More informationSolutions Problem Set 3 Macro II (14.452)
Soluions Problem Se 3 Macro II (14.452) Francisco A. Gallego 04/27/2005 1 Q heory of invesmen in coninuous ime and no uncerainy Consider he in nie horizon model of a rm facing adjusmen coss o invesmen.
More informationVolatility. Many economic series, and most financial series, display conditional volatility
Volailiy Many economic series, and mos financial series, display condiional volailiy The condiional variance changes over ime There are periods of high volailiy When large changes frequenly occur And periods
More information1 Consumption and Risky Assets
Soluions o Problem Se 8 Econ 0A - nd Half - Fall 011 Prof David Romer, GSI: Vicoria Vanasco 1 Consumpion and Risky Asses Consumer's lifeime uiliy: U = u(c 1 )+E[u(c )] Income: Y 1 = Ȳ cerain and Y F (
More information5. Stochastic processes (1)

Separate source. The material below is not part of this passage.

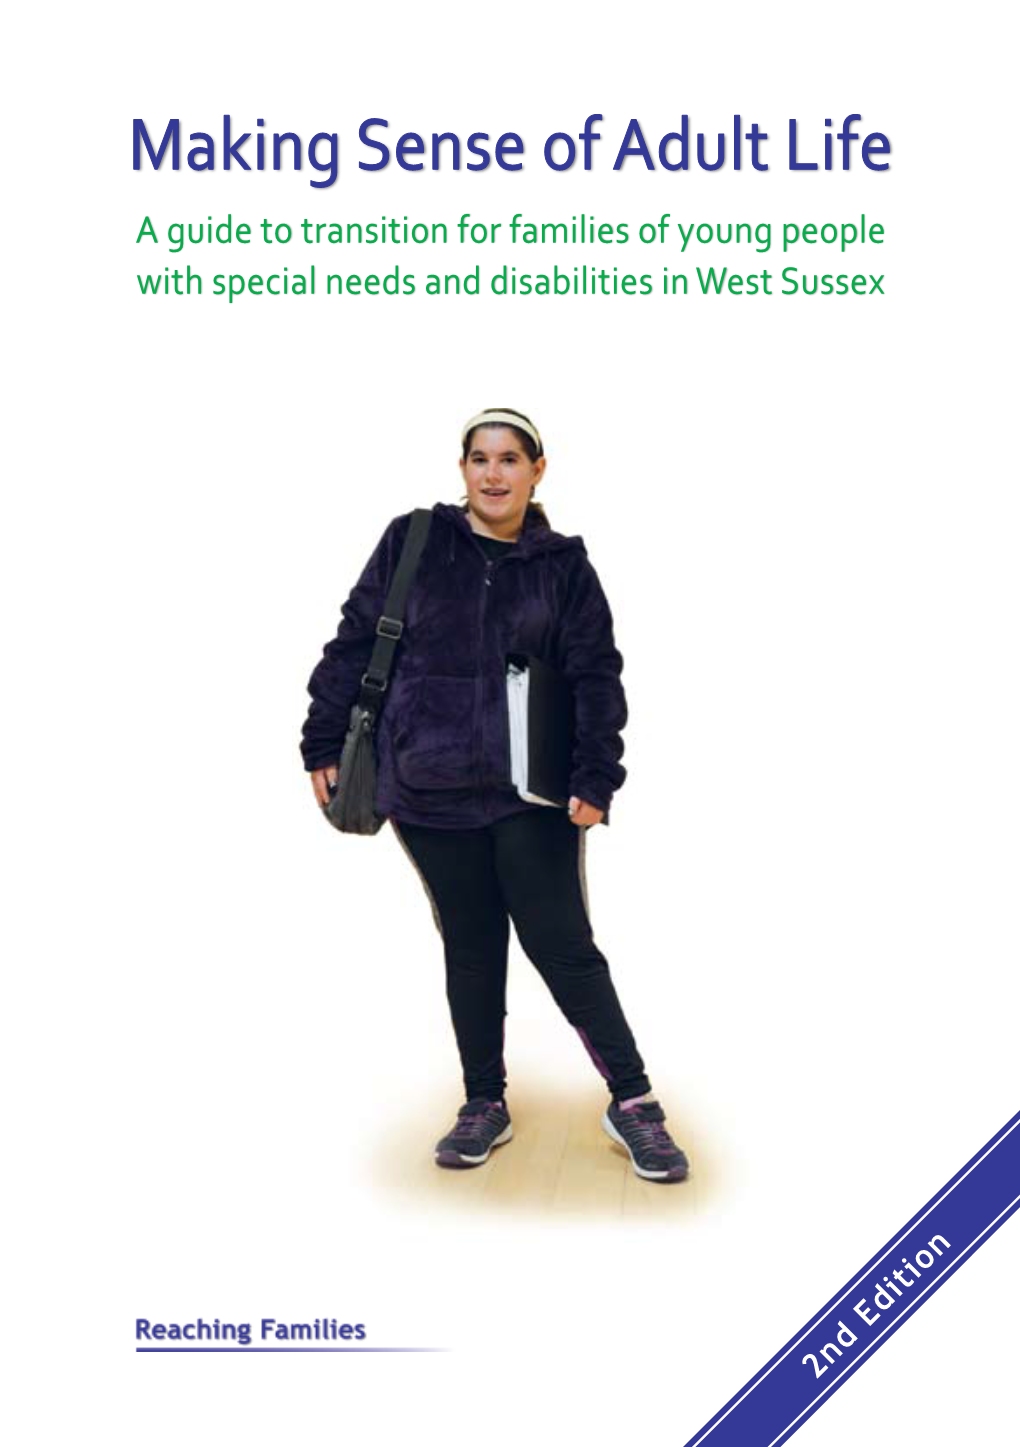 Making Sense of Adult Life a Guide to Transition for Families of Young People with Special Needs and Disabilities in West Sussex
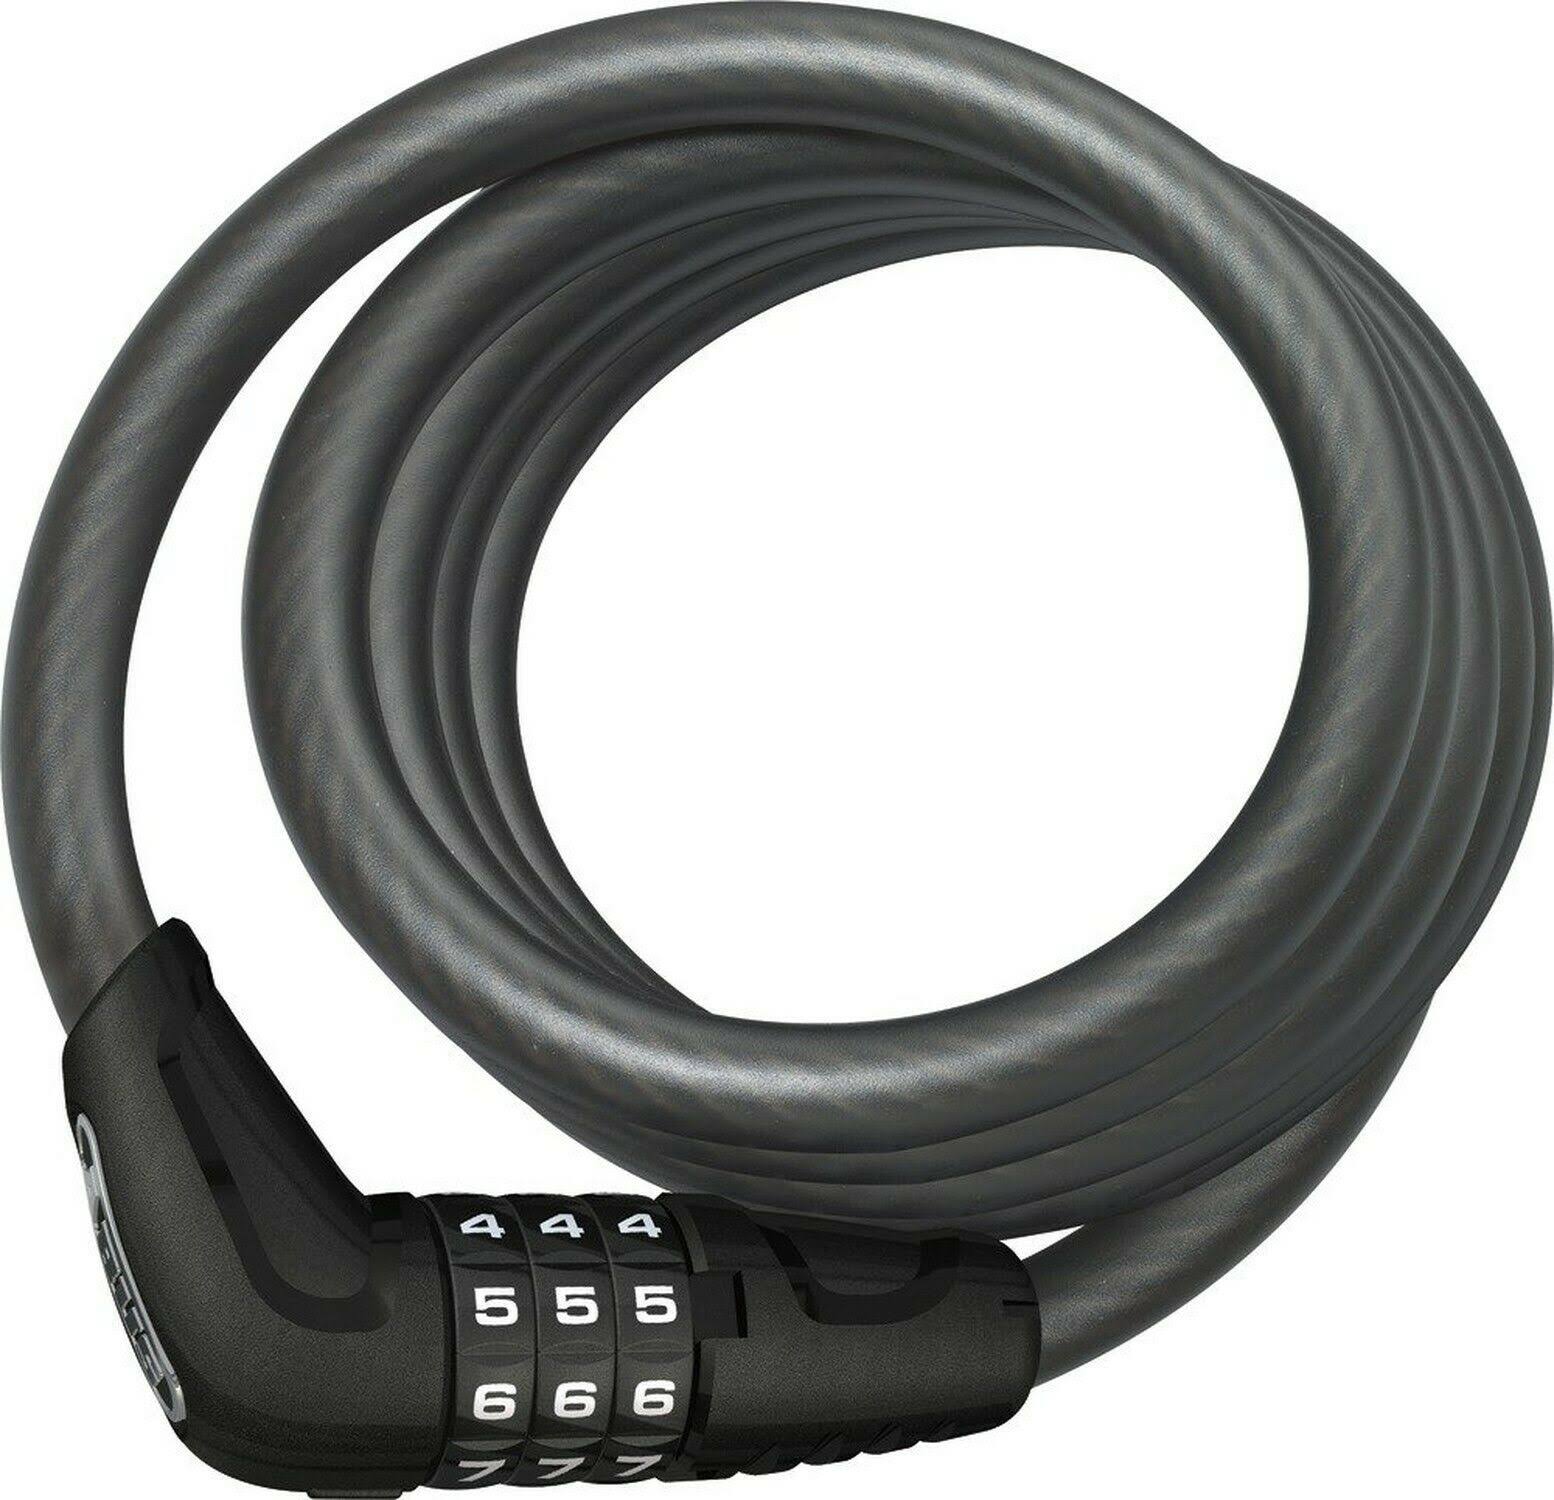 Abus Star 4508 Combination Coiled Cable Lock - Black, 150cm x 8mm

Lec05.pp S-38.45 - Inroducion o Teleraffic Theory Spring 2005 Conens Basic conceps Poisson process 2 Sochasic processes () Consider some quaniy in a eleraffic (or any) sysem I ypically evolves in ime randomly
More information2) Of the following questions, which ones are thermodynamic, rather than kinetic concepts?
AP Chemisry Tes (Chaper 12) Muliple Choice (40%) 1) Which of he following is a kineic quaniy? A) Enhalpy B) Inernal Energy C) Gibb s free energy D) Enropy E) Rae of reacion 2) Of he following quesions,
More informationA Specification Test for Linear Dynamic Stochastic General Equilibrium Models
Journal of Saisical and Economeric Mehods, vol.1, no.2, 2012, 65-70 ISSN: 2241-0384 (prin), 2241-0376 (online) Scienpress Ld, 2012 A Specificaion Tes for Linear Dynamic Sochasic General Equilibrium Models
More information1 Answers to Final Exam, ECN 200E, Spring
1 Answers o Final Exam, ECN 200E, Spring 2004 1. A good answer would include he following elemens: The equiy premium puzzle demonsraed ha wih sandard (i.e ime separable and consan relaive risk aversion)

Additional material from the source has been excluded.